Table 1.
Effects of high-salt diet on experimental immune-mediated diseases.
| Author (Reference) | Experimental disease | Experimental model | Effects on the disease | Immune mechanisms |
|---|---|---|---|---|
| Sehnert (Ip and Medzhitov, 2015) | Arthritis | CIA | Increase incidence of arthritis in high-salt group with increased infiltration of inflammatory cells in the joint associated with more pronounced cartilage and bone destruction | Increased levels of pathogenic IgG2 anti-bovine collagen II auto-antibodies |
| Jung (Jung et al., 2014) | Arthritis | CIA | More severe joint inflammation in the high-salt diet fed mice | Not directly tested.
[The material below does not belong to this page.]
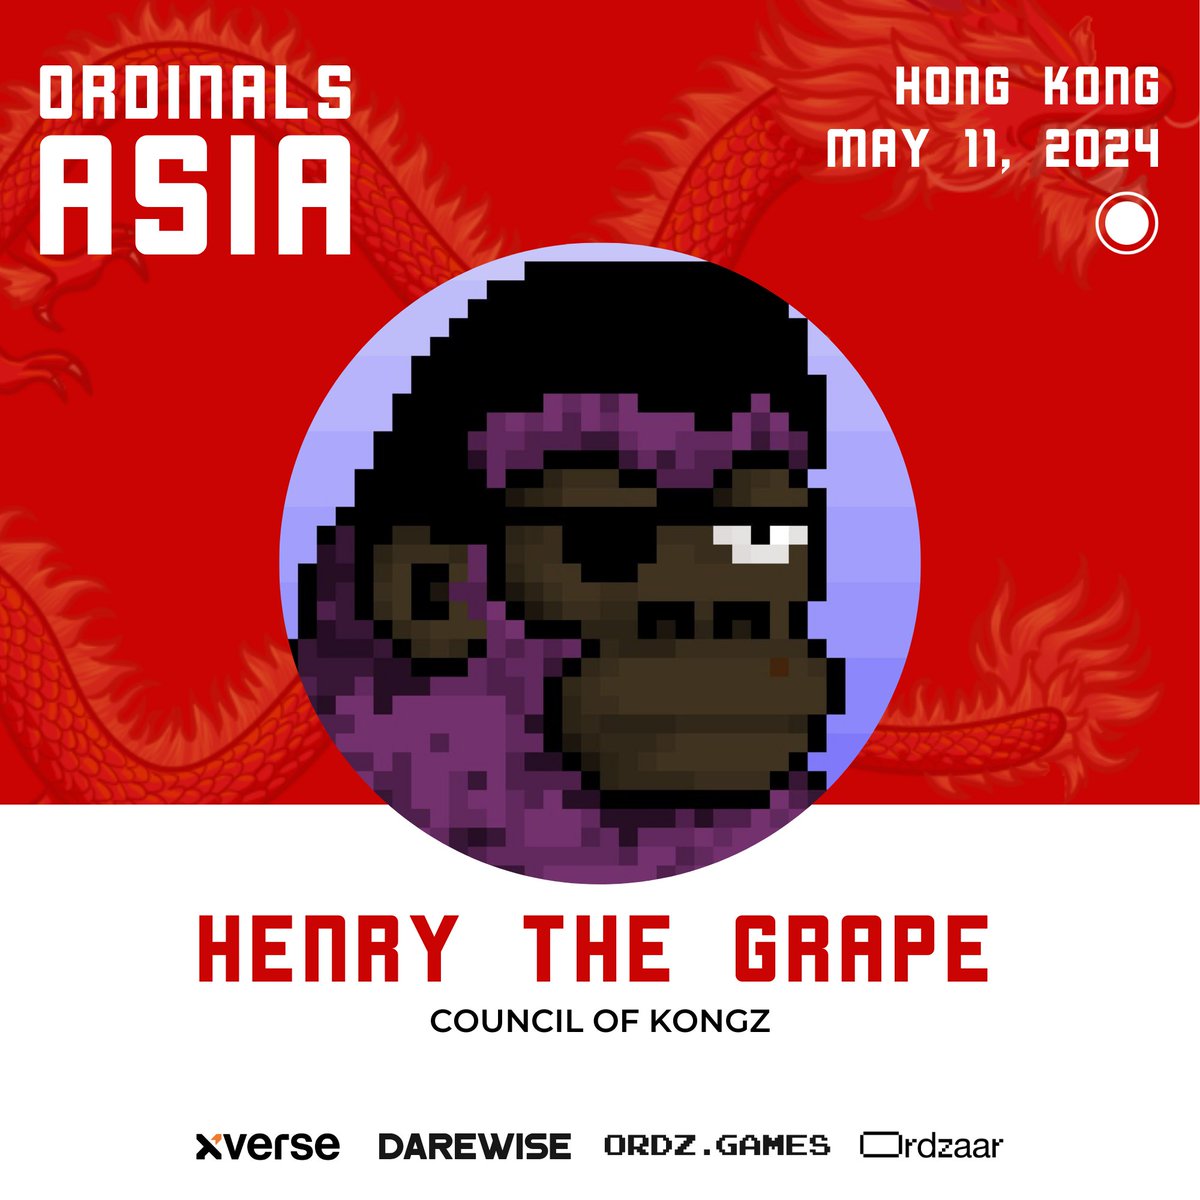 🐲SPEAKER ANNOUNCEMENT🐲 @HenryTheGrape will be speaking at @Ordinals_Asia in Hong Kong! Henry is the Council of Kongz @CyberKongz, a community-based NFT project, and the etcher of #2 Runes - DECENTRALIZED. ⚡ 🎟️Get your ticket today: lu.ma/OrdinalsAsia

However, an increase of RORγT in T cells from high-salt diet fed mice and an enhanced capacity to differentiate into Th17 cells |
| Wei (Wei et al., 2017) | Colitis | TNBS-induced colitis | More severe TNBS-induced colitis in high-salt diet fed mice (inflammatory scores and colon weight) | Increased Th17 response in TNBS-induced colitis of high-salt diet fed mice, attested by increased frequency of IL-17A+ lamina propria CD4+ T cells and increased levels of IL-6, IL-17A and IL-21 in colonic tissues |
| Hernandez (Hernandez et al., 2015) | Colitis | ATIC | Mouse Treg exposed to high-salt are less efficient than control Treg to prevent naive CD4+ T cell-induced colitis as assessed by weight loss | High-salt conditions induces a Th1 phenotype of activated Treg |
| Monteleone (Monteleone et al., 2017) | Colitis | TNBS- and DSS-induced colitis | More severe TNBS-induced colitis in high-salt diet fed mice (histologic scores) and correction by a p38 kinase inhibitor treatment More severe DSS-induced colitis in high-salt diet fed mice (histologic scores) | Increased mRNA levels of Rorgt and Il17a in high-salt diet fed mice in the TNBS model |
| Aguiar (Aguiar et al., 2018) | Colitis | TNBS- and DSS-induced colitis | More severe DSS- and TNBS-induced colitis in high-salt diet fed mice (clinical and histological scores in both models; reduced colon length and decreased mouse survival in DSS- and TNBS-induced colitis, respectively) | Increased frequency of RORγT+ CD4+ T cells from the lamina propria of high-salt diet fed mice |
| Hucke (Hucke et al., 2016) | EAE | MOG35−55 immunization in C57BL/6 mice | A more severe clinical score in high salt fed mice associated with increased myeloid cell infiltrate in the white matter | Macrophage skewing through a pro-inflammatory M1 phenotype (enhanced iNOS and costimulatory molecule expression as well as highly responsive to in vitro LPS stimulation) |
| Wu (Wu et al., 2013) | EAE | MOG35−55 immunization in C57BL/6 mice | A more severe clinical score in high salt fed mice that is reduced in Sgk1-deficient mice | Increased frequency of IL-17+ CD4+ T cells in the CNS and mLN of high-salt diet fed mice |
| Kleinewietfeld (Kleinewietfeld et al., 2013) | EAE | MOG35−55 immunization in C57BL/6 mice | A more severe clinical score in high salt fed mice associated with increased myeloid and T cell infiltrate in the spinal cord | Increased mRNA levels of Il17a and Rorc in the spinal cord of high-salt diet fed mice Increased mRNA levels of Il17a, Nfat5, and Sgk1 in splenocytes of high-salt diet fed mice Enhanced Th17 polarization of splenic T cells from high-salt diet fed mice experiencing EAE in response to MOG peptide re-stimulation |
ATIC, adoptive transfer-induced colitis consisting in infusion of naive CD4+ T cells in Rag2-deficient mice; CIA, Collagen-induced arthritis; CNS, central nervous system; DSS, dextran sulfate sodium; EAE, experimental autoimmune encephalomyelitis; iNOS, inducible nitric oxide synthase; LPS, lipopolysaccharide; mLN, mesenteric lymph nodes; MOG, myelin oligodendrocyte glycoprotein; TNBS, trinitrobenzene-sulfonic acid.